Sunday, May 20, 2018

We are the elite!

Different sets of people.  Different dining table settings and food.  Different conversations.  But, one commonality stands out: We are globalists, and among the economic elite.

We might think of ourselves as "middle class."  But, middle class we ain't. In fact, halfway through one dinner, I proclaimed that we might not think about ourselves as elites but we are.

Of course, me admitting to the world that I am one of the upper-economic-crust is not anything new in this blog.  (Here are two samples: One and Two.)

Any which way we slice the data, well, as long as we don't deal with alternative facts, we cannot escape the reality.  "The families at our end of the spectrum wouldn’t know what to do with a pitchfork."

This elite in the US is mostly white or Asian (yes, including me.)
The Institute for Policy Studies calculated that, setting aside money invested in “durable goods” such as furniture and a family car, the median black family had net wealth of $1,700 in 2013, and the median Latino family had $2,000, compared with $116,800 for the median white family. A 2015 study in Boston found that the wealth of the median white family there was $247,500, while the wealth of the median African American family was $8. That is not a typo. That’s two grande cappuccinos.
Ah, yes, but we are middle class!

The other day, a sales agent told me my credit rating is a "you can buy whatever you want rating."  It is, indeed.  But that rating by itself is a piece of evidence that I ain't middle class, which struggles to keep itself afloat, which is why their credit rating is not one they will be proud about.

We then turn around and tell the real middle class, and the lower class, that they too can do this.  If only!  "In America, the game is half over once you’ve selected your parents."  If you are a regular reader, then you know you have read this before ... and you are right.  It has been one of my favorite ways to summarize the inequality: Choose your parents well!

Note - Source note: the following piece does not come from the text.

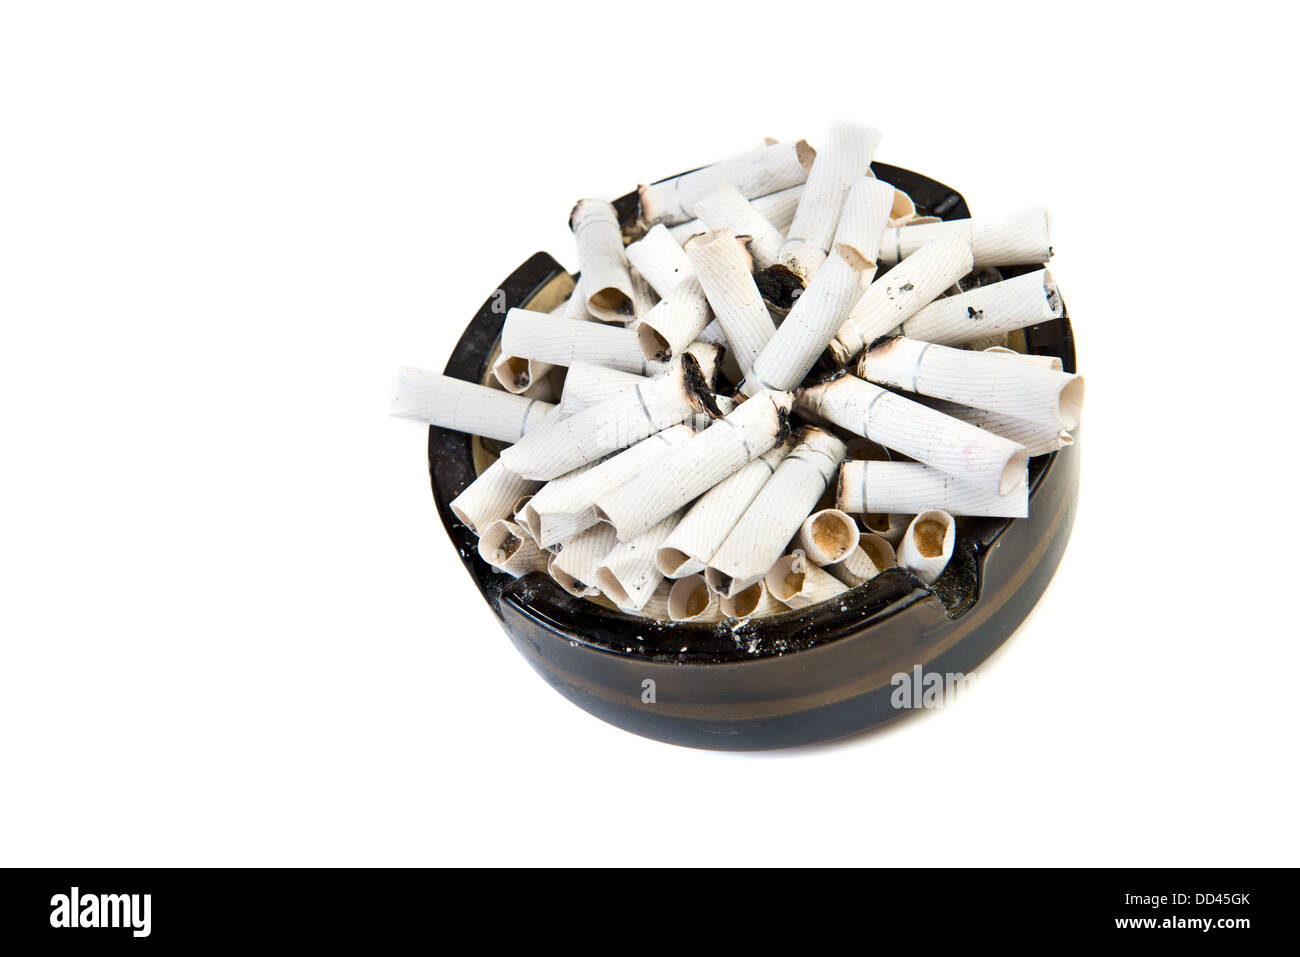 ashtray cigarettes stockfotos ashtray cigarettes bilder. Black Bedroom Furniture Sets. Home Design Ideas

Recall the old adage that health is wealth?  The two are increasingly tied together:
Obesity, diabetes, heart disease, kidney disease, and liver disease are all two to three times more common in individuals who have a family income of less than $35,000 than in those who have a family income greater than $100,000. Among low-educated, middle-aged whites, the death rate in the United States—alone in the developed world—increased in the first decade and a half of the 21st century. Driving the trend is the rapid growth in what the Princeton economists Anne Case and Angus Deaton call “deaths of despair”—suicides and alcohol- and drug-related deaths.
Yet, despite all such evidence, because of political ideologies, and implicit supremacist views because they know better than to voice them explicitly, many shrug their shoulders and prefer to interpret the other people's relative poverty as vice: "Why can’t they get their act together?"
You see, when educated people with excellent credentials band together to advance their collective interest, it’s all part of serving the public good by ensuring a high quality of service, establishing fair working conditions, and giving merit its due. That’s why we do it through “associations,” and with the assistance of fellow professionals wearing white shoes. When working-class people do it—through unions—it’s a violation of the sacred principles of the free market. It’s thuggish and anti-modern. Imagine if workers hired consultants and “compensation committees,” consisting of their peers at other companies, to recommend how much they should be paid. The result would be—well, we know what it would be, because that’s what CEOs do.
I have no idea how this story will end.  All I know is that this story is not unfolding well.